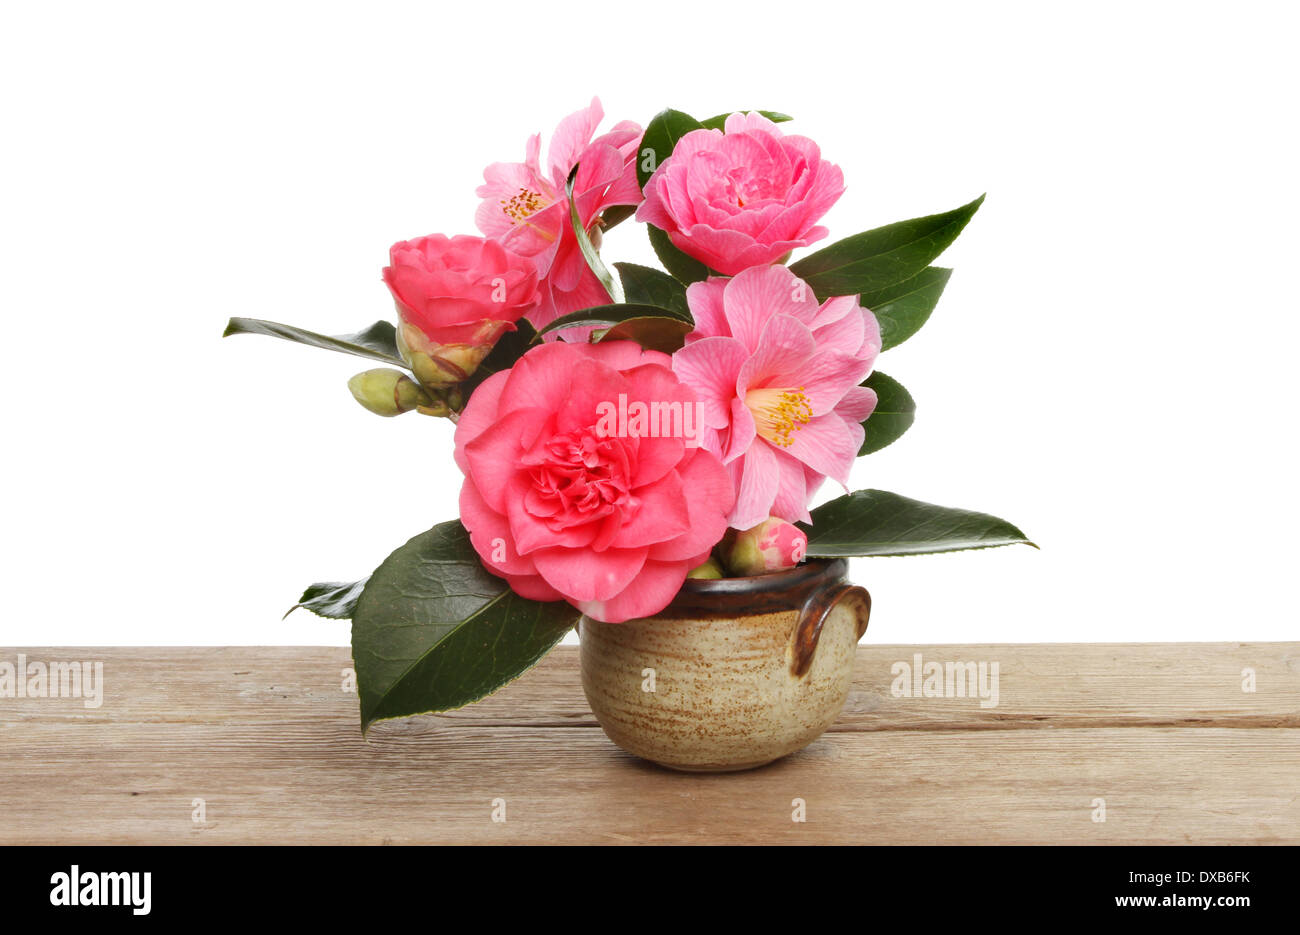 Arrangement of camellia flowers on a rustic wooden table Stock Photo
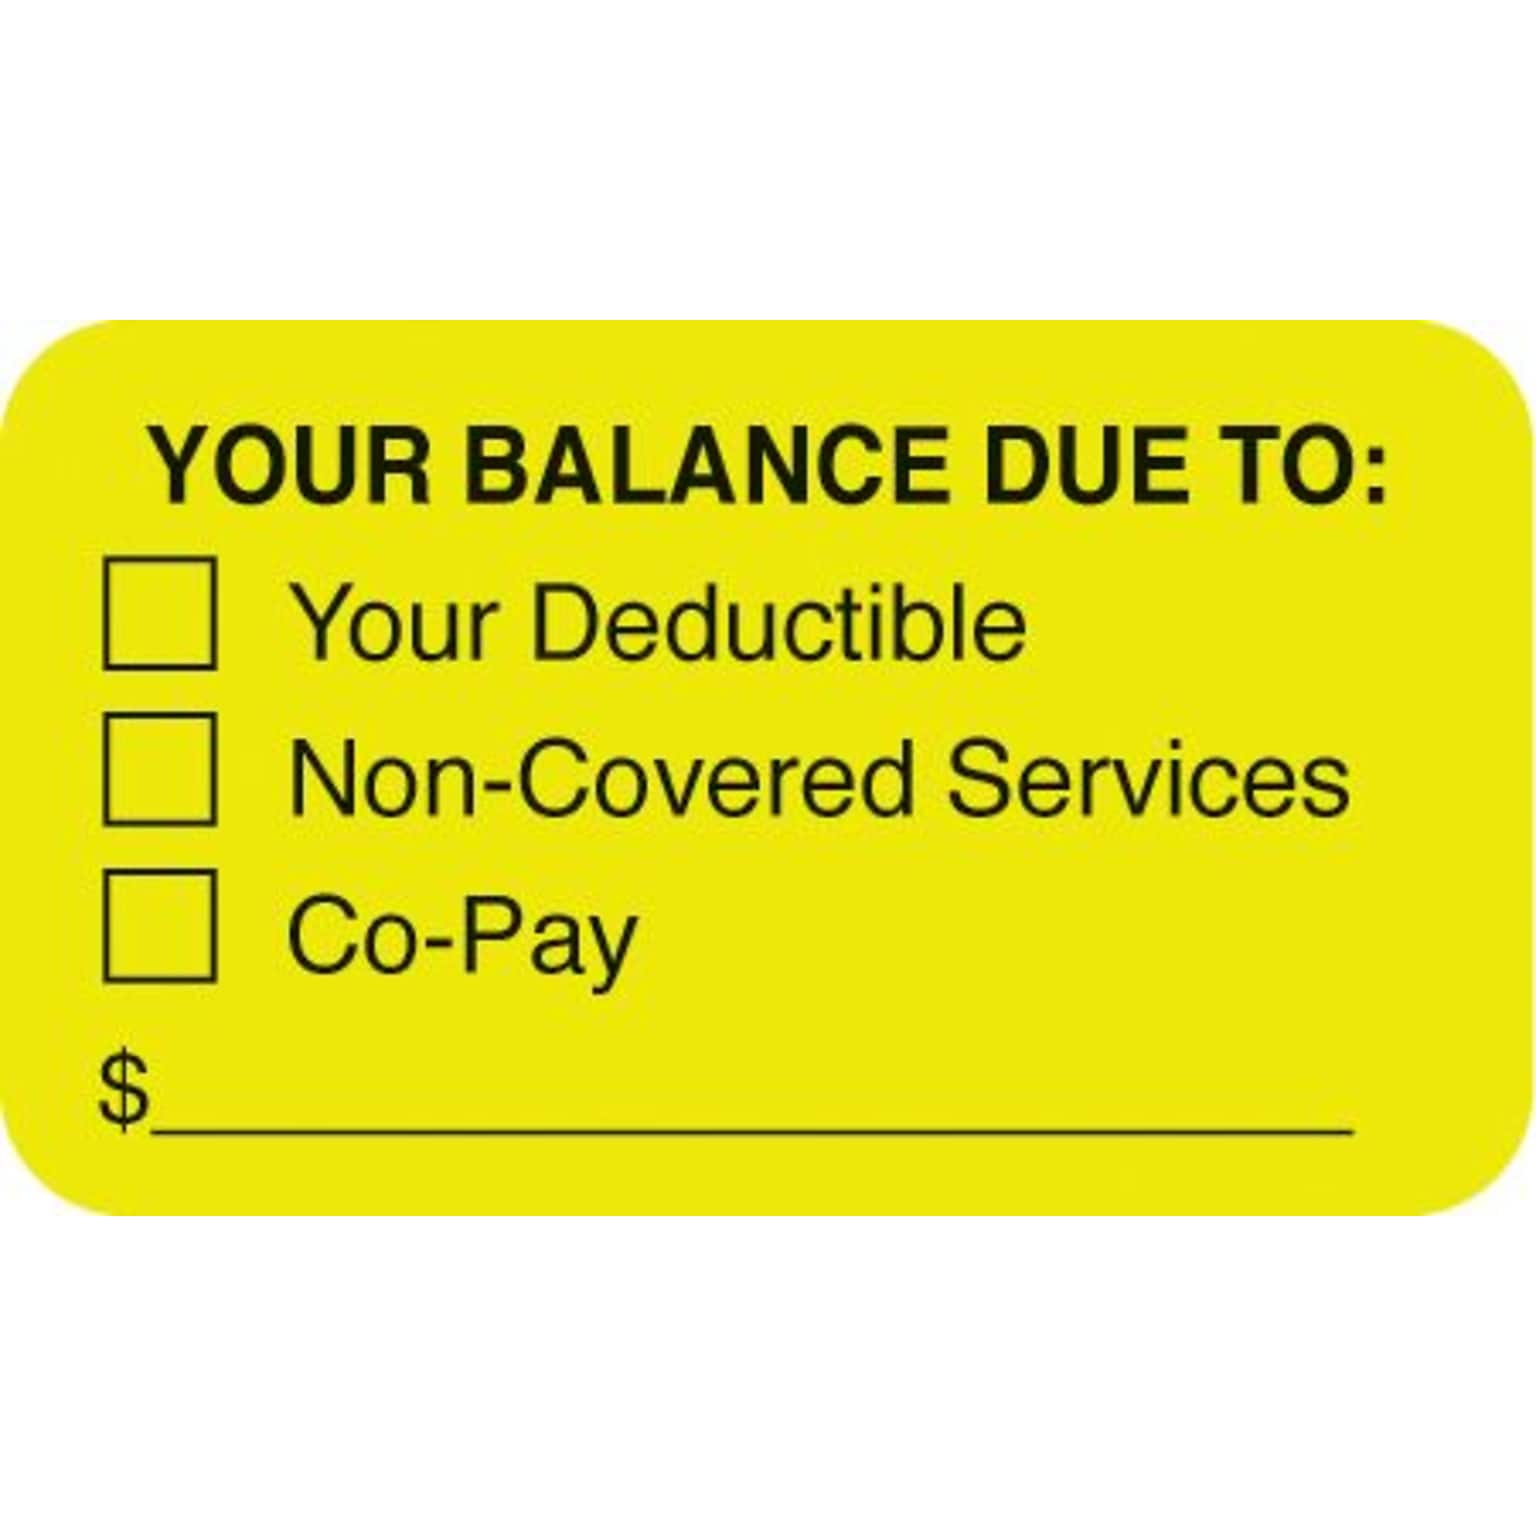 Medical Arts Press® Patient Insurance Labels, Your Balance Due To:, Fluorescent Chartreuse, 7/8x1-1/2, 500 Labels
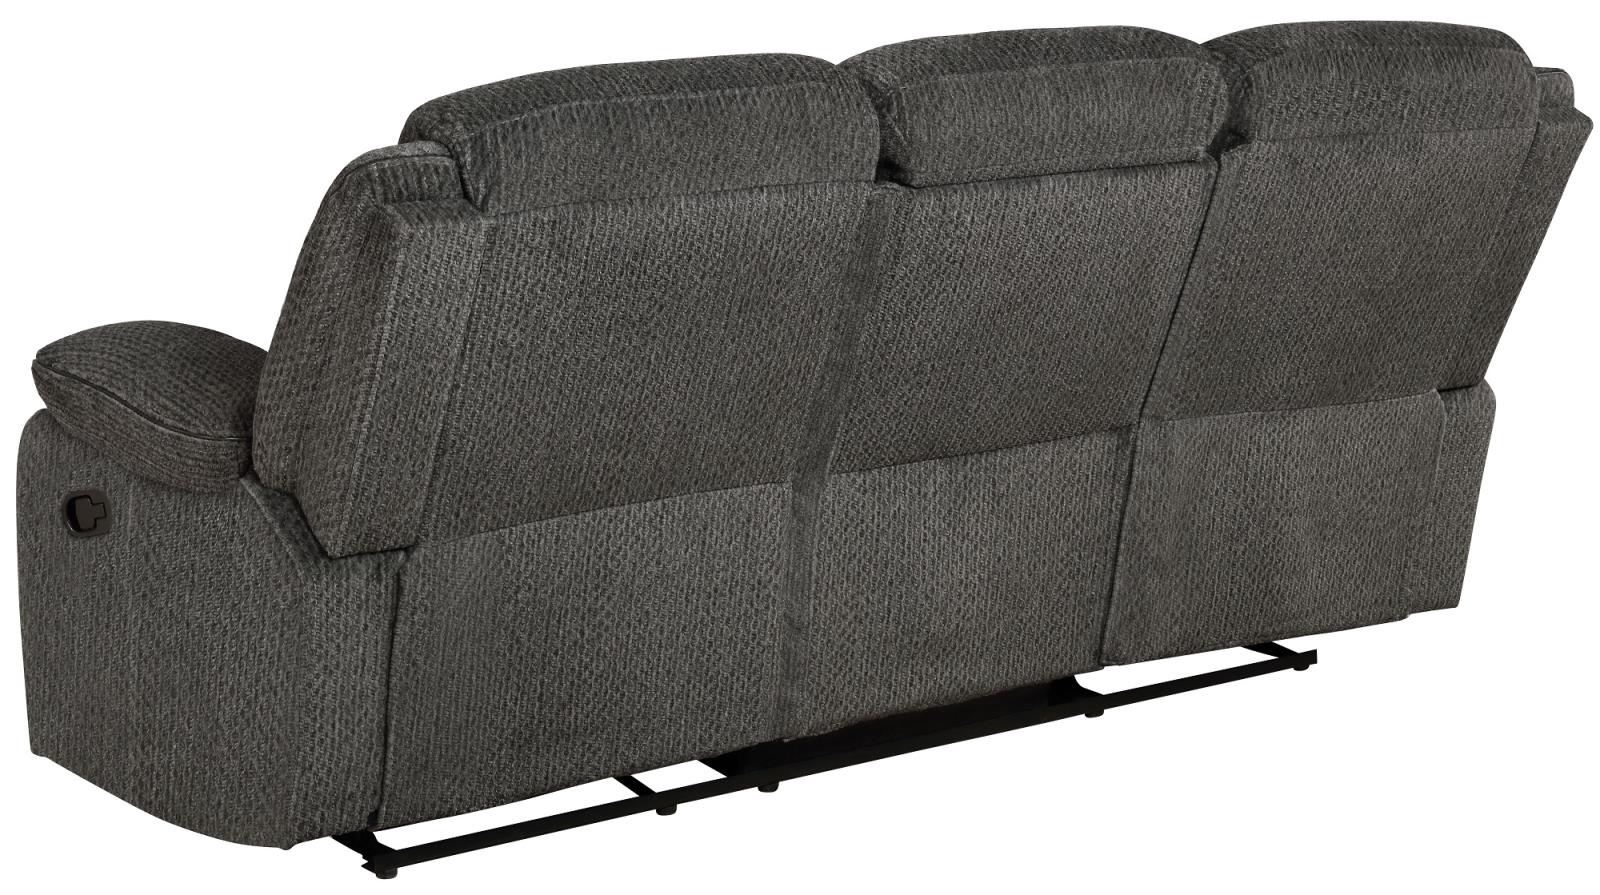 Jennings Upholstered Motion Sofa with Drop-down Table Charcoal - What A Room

▸ **WORK REQUEST**: Keep the pictures out of your copy. Copy only the lines from the line that holds "Medical Arts Press®" through the last line of the listing above, both included.

▸ **PROBLEM SOLUTION**:
 Medical Arts Press® Patient Insurance Labels, Your Balance Due To:, Fluorescent Chartreuse, 7/8x1-1/2, 500 Labels
 Jennings Upholstered Motion Sofa with Drop-down Table Charcoal - What A Room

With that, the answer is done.